DATA BLOCK section start

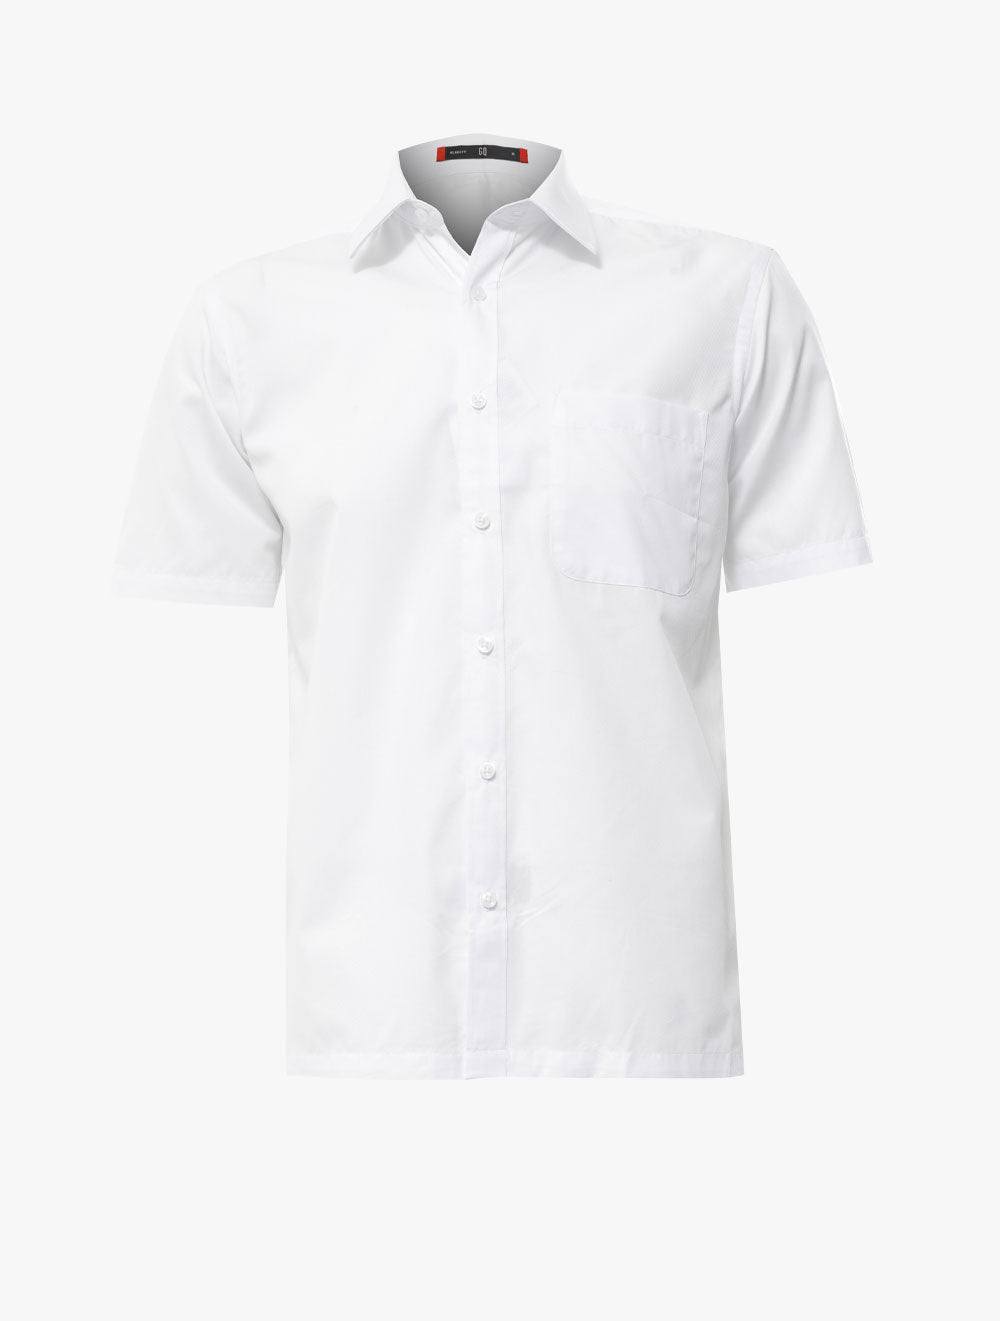 GQ
Casual Short Sleeve Shirt - 1623056
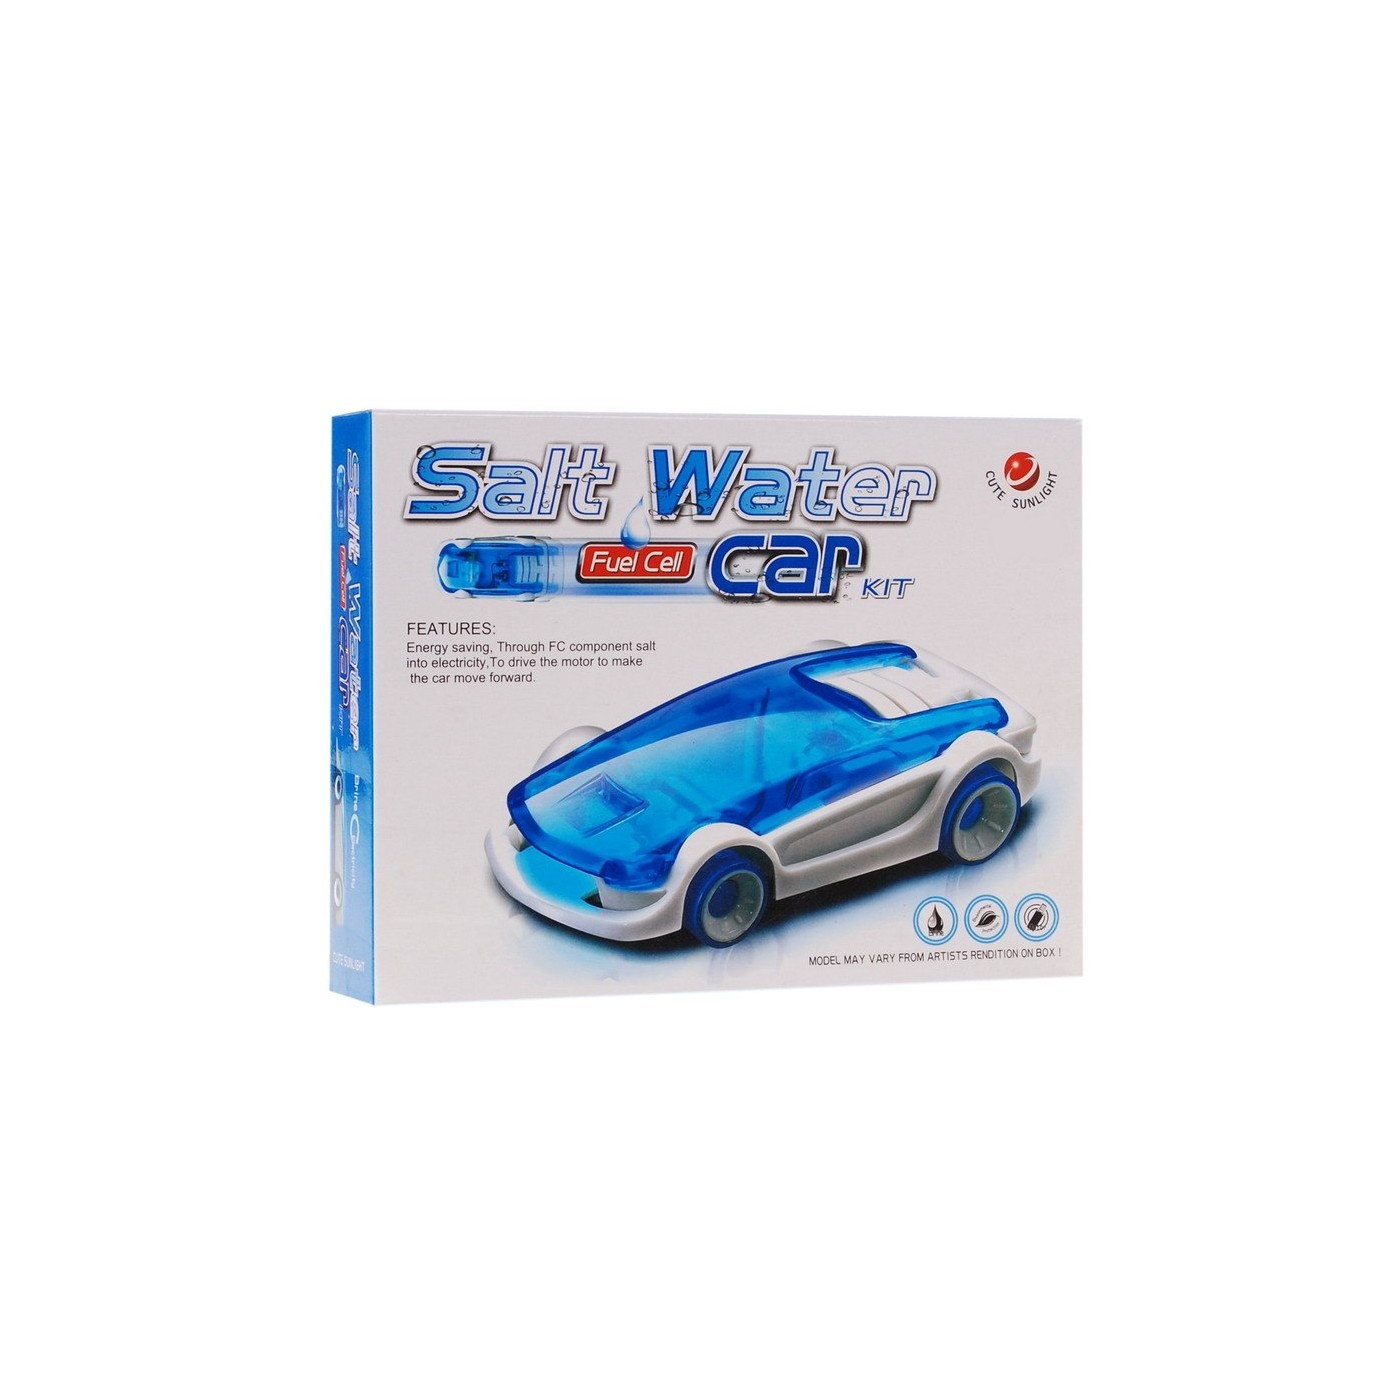 Salt water car

DATA BLOCK section end

Repeat the data above in full and exactly. Omit every image.

 GQ
Casual Short Sleeve Shirt - 1623056
 Salt water car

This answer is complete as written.